There are also a bunch of usual attractions; happy hour until 6pm on Wednesday to Friday, $10 margaritas and bloody marys on a Sunday. Reserve special consideration for the menu, bursting with comforting delights made for all seasons thanks to Sonny’s fried chicken, burgers and sides.

Head down to The Gem Bar at 289 Wellington Street in Collingwood.

Ragtime Tavern

LIVE MUSIC is utterly transfixing when it’s being played on a rotating piano shrouded by a smoke machine, which slowly carousels around such a warm, intimate space. FAMOUS FOR the rotating, motorised piano. Did we mention that yet? INFAMOUS FOR being a time machine back to the golden age of inns, taverns, jazz clubs, speakeasies and prohibition. It’s like the Great Depreston never happened. The Ragtime Tavern oozes character out of every beautifully curved surface, from the fluid edges of their velvet Chesterfieldstyle lounges to the bar that flows around the room, to the spinning plate that hosts their baby grand piano.

Deep reds and browns adorn nearly every surface, gently lit by hanging chandeliers, while mirrors and renaissance art decorate the walls. There are regular open piano evenings, where anyone and everyone can play the north’s most famous keys. It appears almost everyone who works there is a secret Liberace as well.

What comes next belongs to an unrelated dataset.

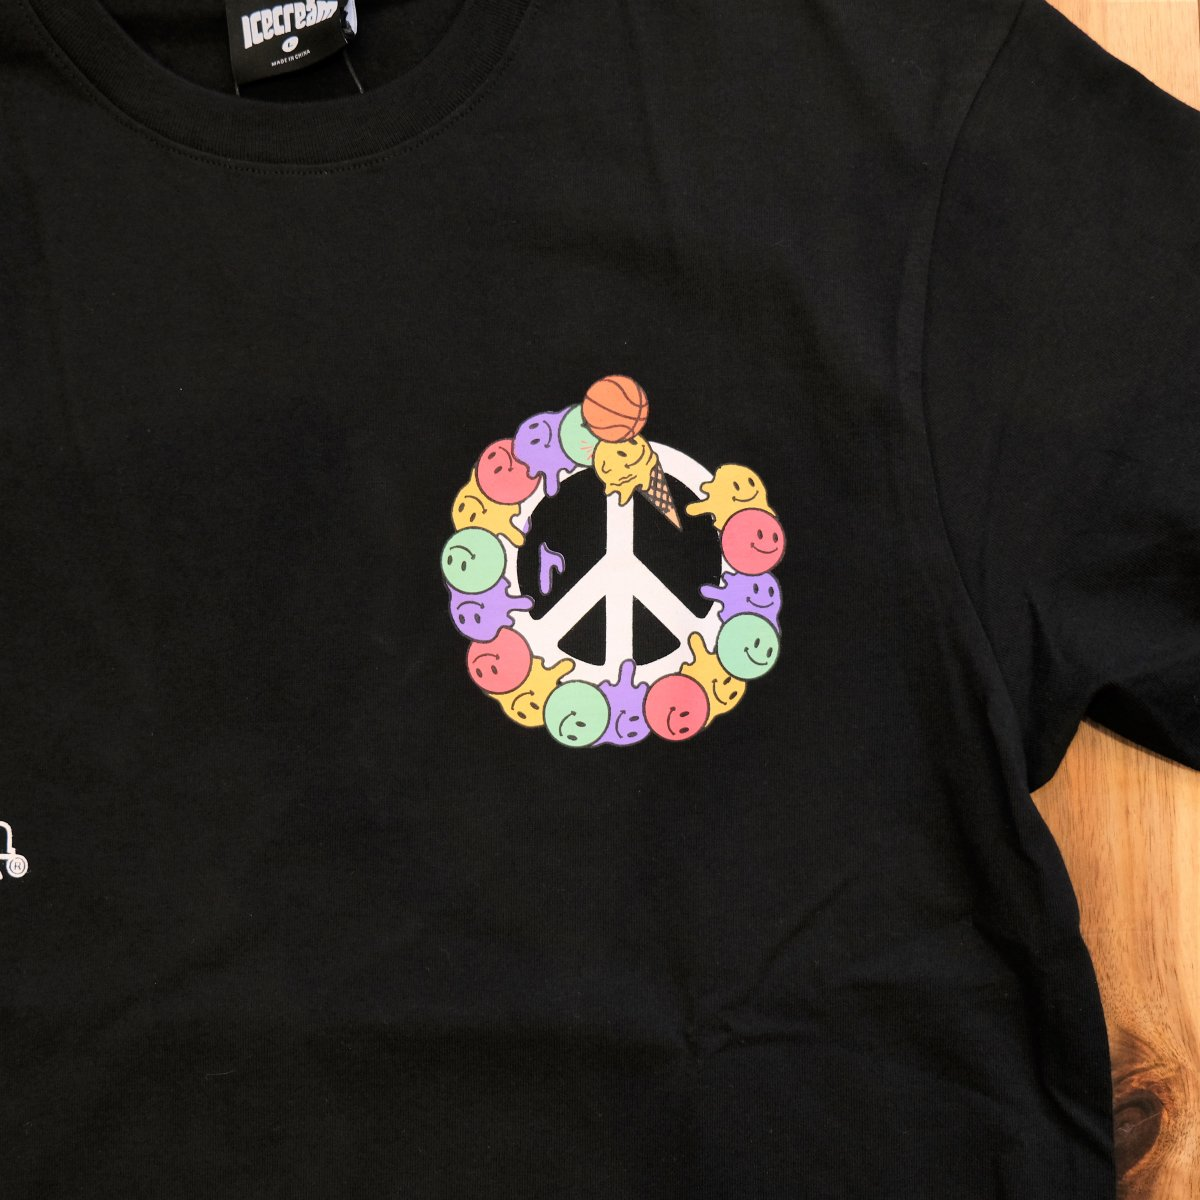 <img class='new_mark_img1' src='https://img.shop-pro.jp/img/new/icons3.gif' style='border:none;display:inline;margin:0px;padding:0px;width:auto;' />ICE CREAM アイスクリーム / Tシャツ PEACE T-SHIRT 【BLACK】

In addition to the talented staff and owner, local talent and sing-a-longs abound with plenty of famous faces dropping in from time to time.

With New Orleans front-and-centre in the venue’s ethos, there’s a laidback, anything goes spirit to the Ragtime.

“We try to get them to sing-along, to get people to be part of it as much as we can,” Ragtime’s regular boogie woogie and rockabilly pianist, Ezra Lee, told us recently. “That’s what rock’n’roll is all about, especially this gig because people are literally two feet away from you. Everyone’s yelling out songs or singing along. It’s a big party in there.”

And in case you’re wondering how fast that piano can actually spin… “One night we tried it out and it’s pretty wild. You’re hanging on,” laughs Lee.

Visit Ragtime Tavern at 206 Tyler Street, Preston.